[DATA PROVIDED Boundary: Start]

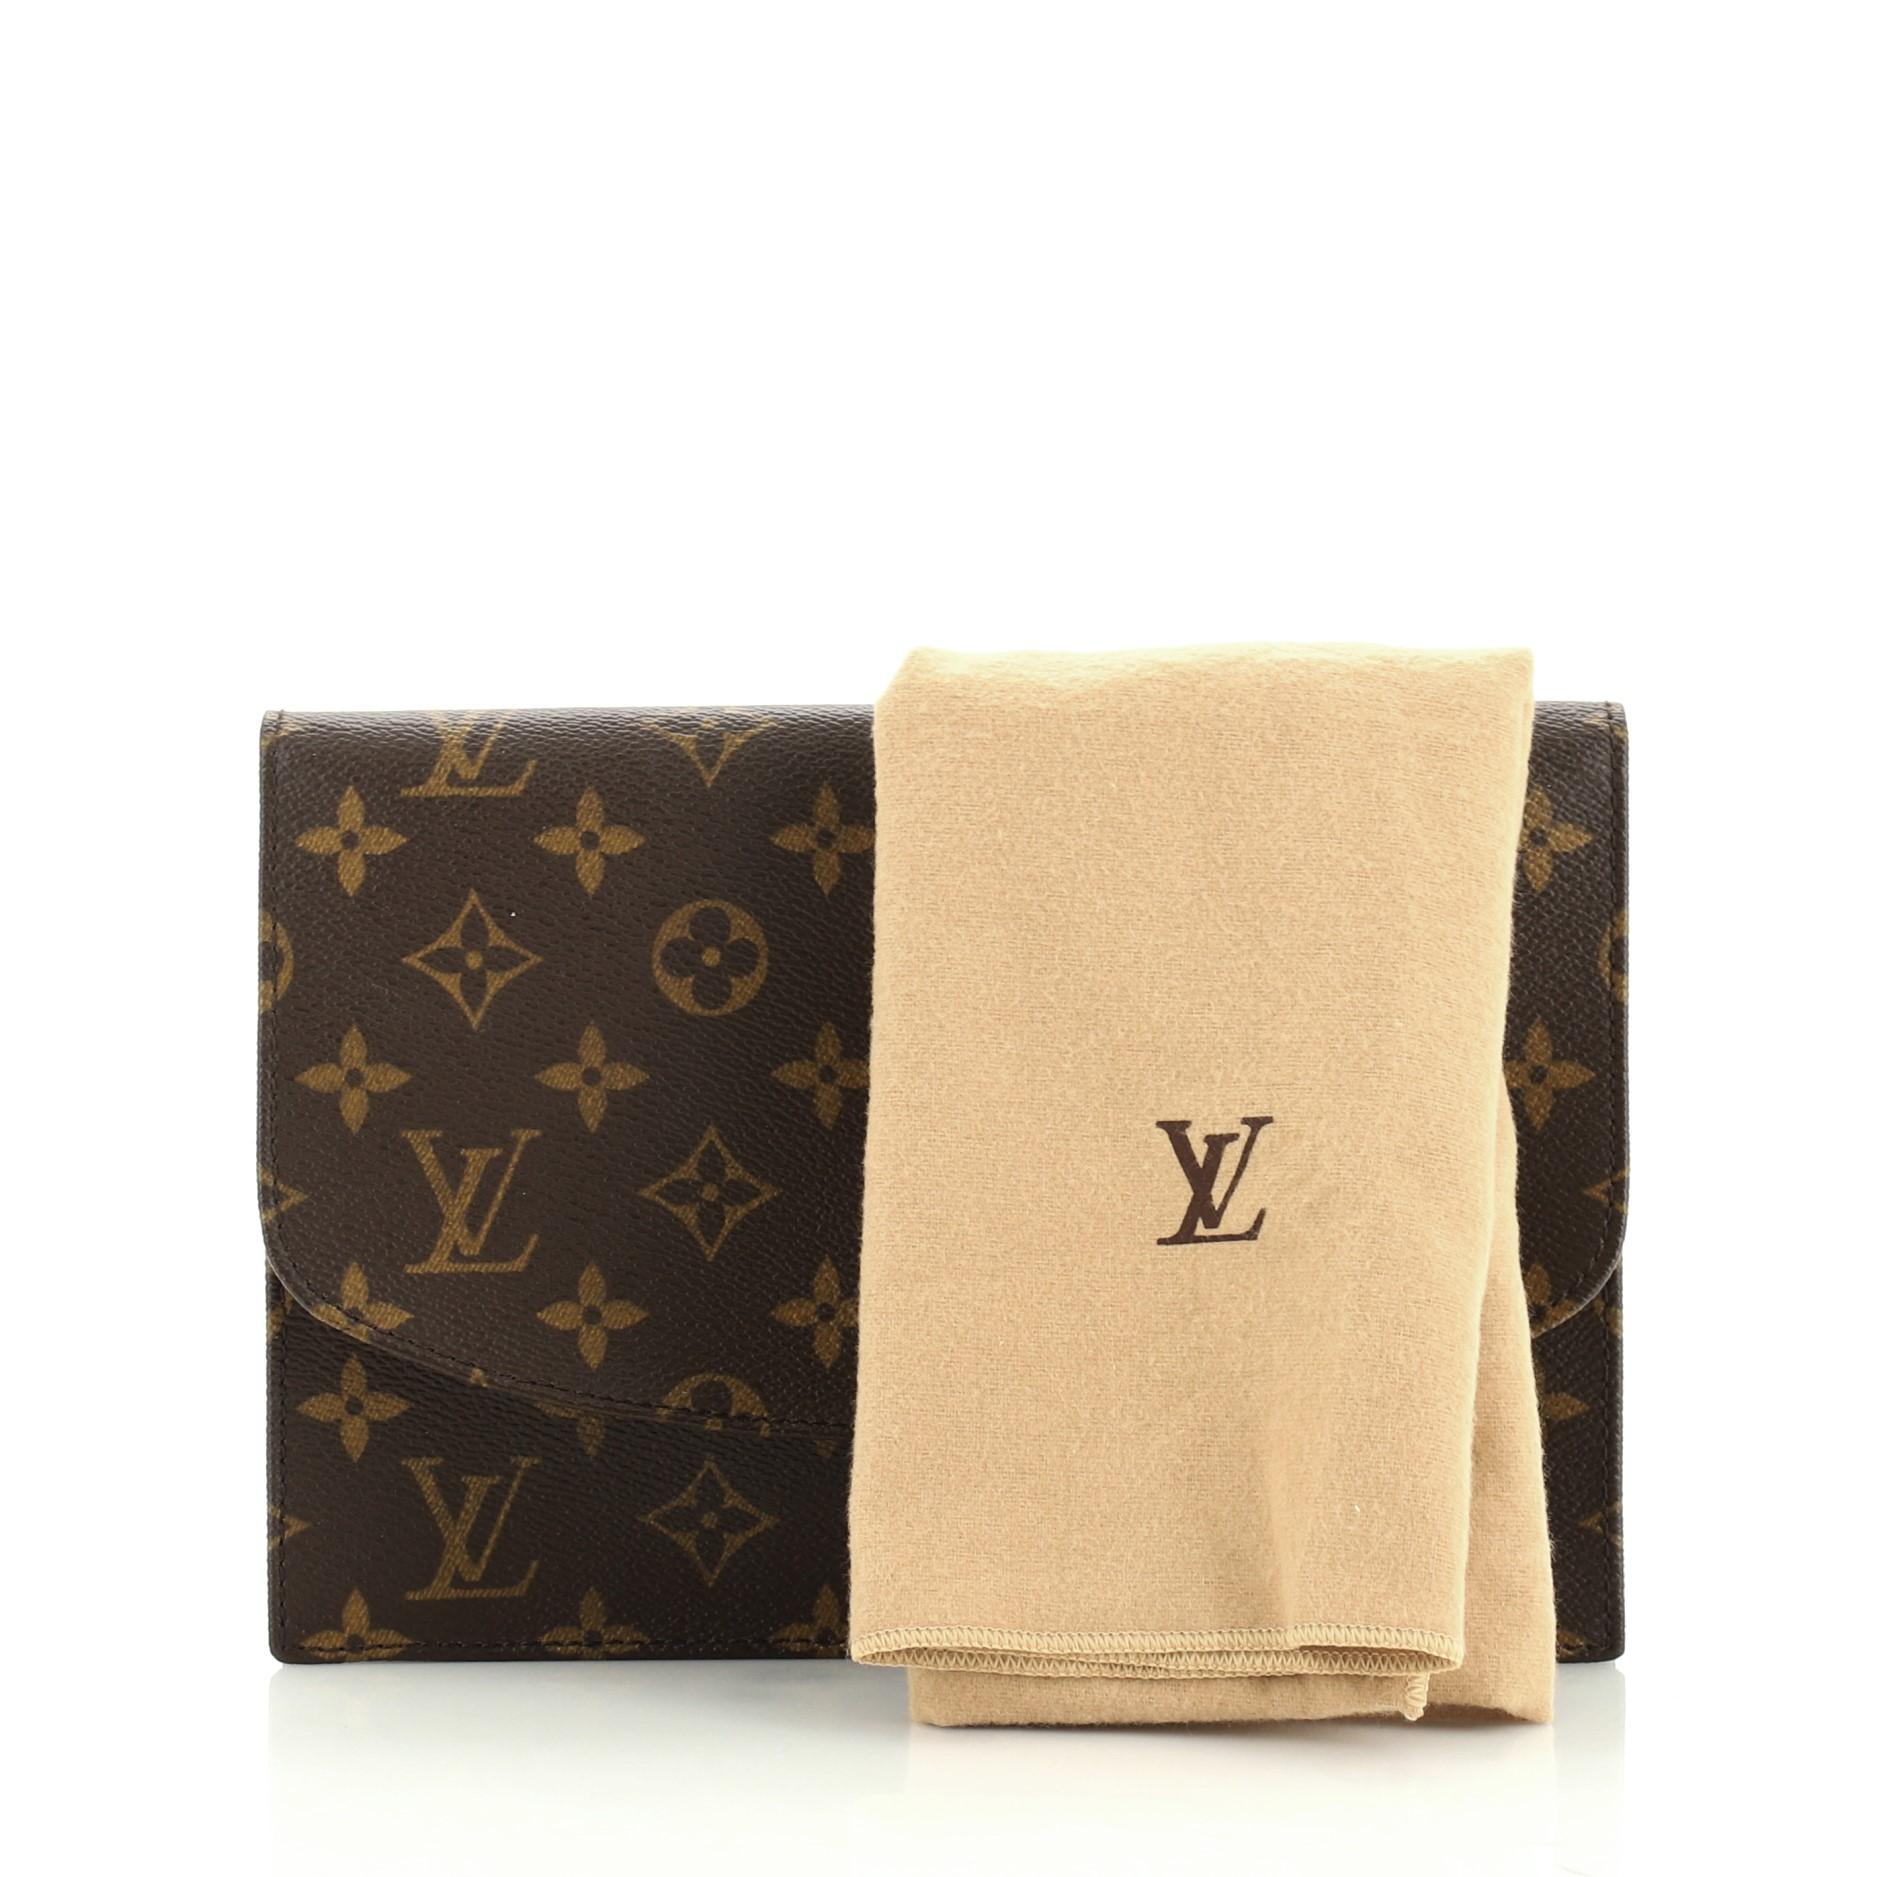 Condition: Very good. Minor wear on base corners and in interior, splitting on side opening wax edges. Small mark and bubbling underneath flap, scratches on hardware.
Accessories: Dust Bag
Measurements:
Designer: Louis Vuitton
Model: Pochette Rabat
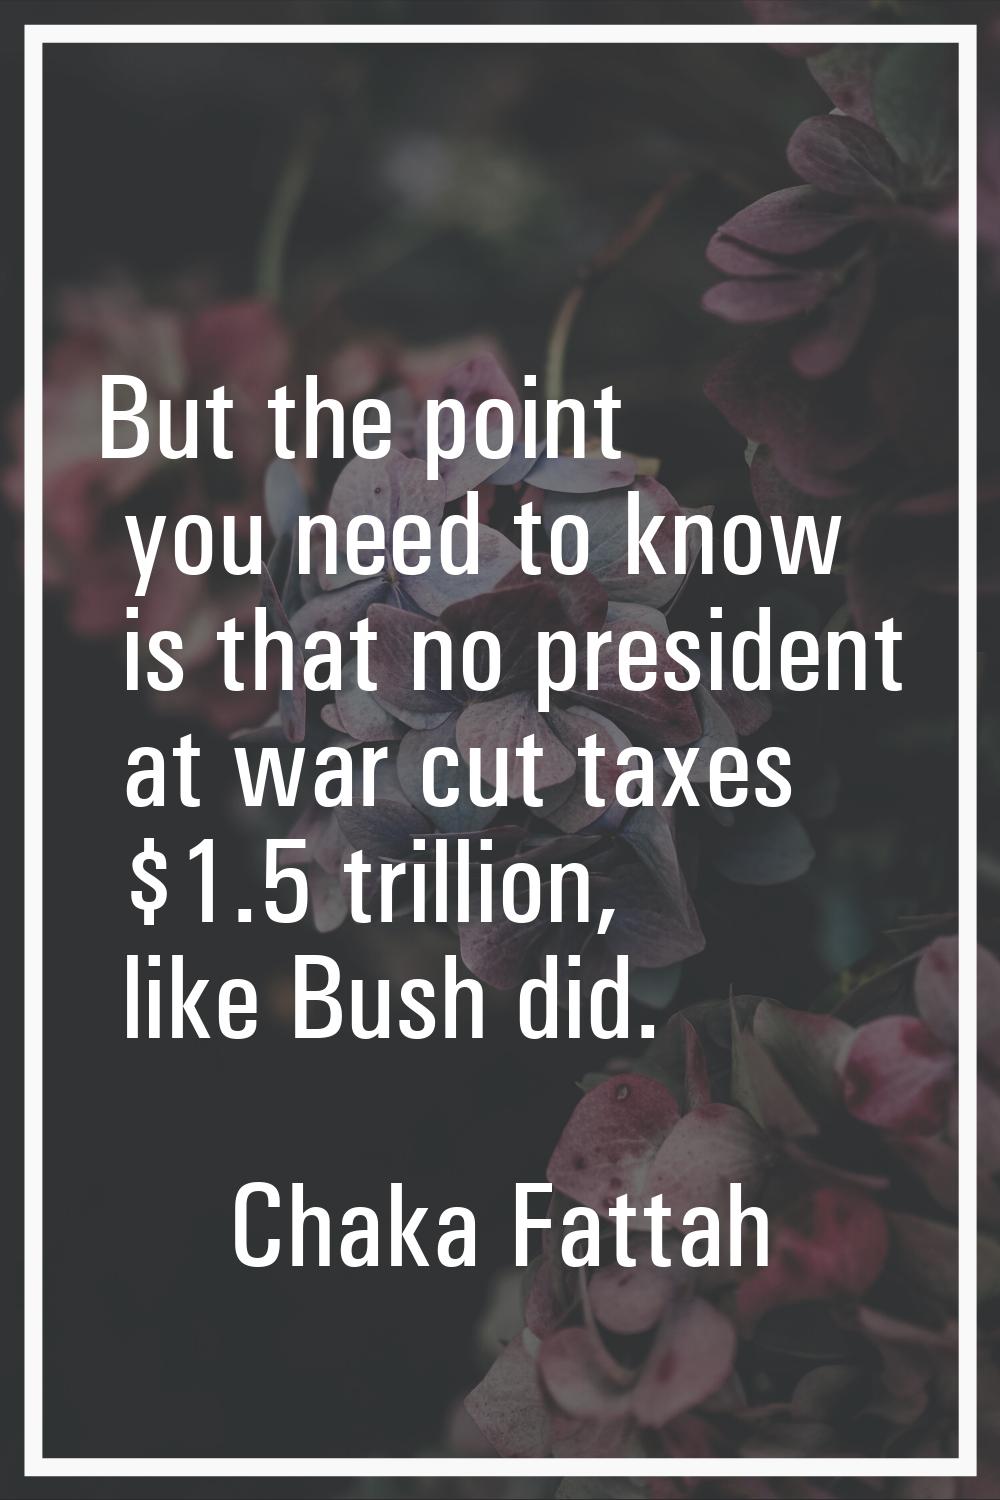 But the point you need to know is that no president at war cut taxes $1.5 trillion, like Bush did.

[DATA PROVIDED Boundary: End]

WHAT TO WORK ON>
Write the records out once more, exactly as they appear, with no pictures.

SOLUTION TO THE PROBLEM>
 Condition: Very good. Minor wear on base corners and in interior, splitting on side opening wax edges. Small mark and bubbling underneath flap, scratches on hardware.
Accessories: Dust Bag
Measurements:
Designer: Louis Vuitton
Model: Pochette Rabat
 But the point you need to know is that no president at war cut taxes $1.5 trillion, like Bush did.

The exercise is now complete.